1. (5%) Why is it important to scale up I/O speeds as CPU speed increases?
參考解答:When we’re doing some tasks that needs I/O operations, I/O speeds is very important, if we don’t increase the speed of I/O devices, they will become the bottleneck of the entire system and slow down the performance.
2. (5%) Including the initial parent process, how many processes are created by the following program? Justify your answer by drawing a tree of processes.
#include <stdio.h>
#include <unistd.h>
int main()
{
fork();
fork();
fork();
return 0;
}
參考解答:8,
3. (15%) Answer the following questions regarding processes and threads.
(a) Is the following statement true or false?

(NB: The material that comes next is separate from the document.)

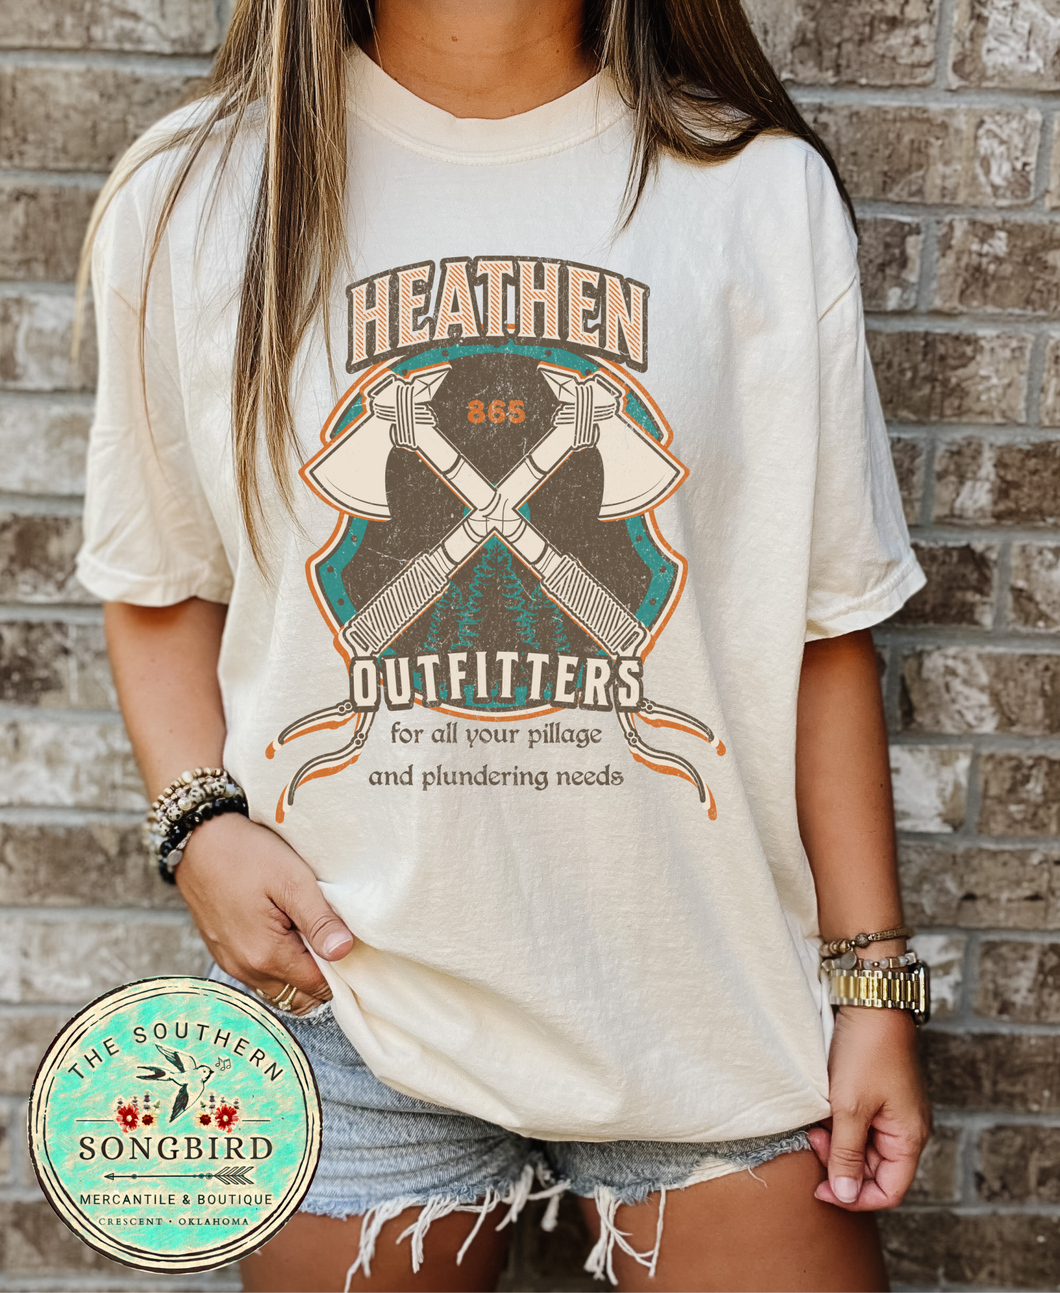 SALE!! Ready To Ship!! Heathen Outfitters Graphic T-shirt

When a user-level thread makes a blocking system call, only the thread that makes the system call is blocked. (Use no more than 20 words to justify your answer.)
(b) Is the following statement true or false? An I/O-bounded process will be more likely to be favored by the CPU-scheduler over a CPU-bounded process. (Use no more than 20 words to justify your answer.)
(c) Choose the correct answer. Consider the following preemptive priority scheduling algorithm based on dynamically changing priorities. Larger priority numbers imply higher priority. When a process is waiting for the CPU (in the ready queue, but not running), its priority changes at a rate $\alpha;$ when it is running, its priority changes at a rate $\beta.$ All processes are given a priority 0 when they enter the ready queue. What is the algorithm that results from $\beta > \alpha > 0$?
A. Non-preemptive SJF
B. Preemptive SJF
C. FCFS
D. Non-preemptive priority
E. Multilevel feedback queue
F. None of the above
(d) Choose the correct answer. The Banker’s algorithm ensures that a system will never enter an unsafe state. In order to implement it, the algorithm:
G. Checks that the maximum request of every process does not exceed the amount of the systems' available resources.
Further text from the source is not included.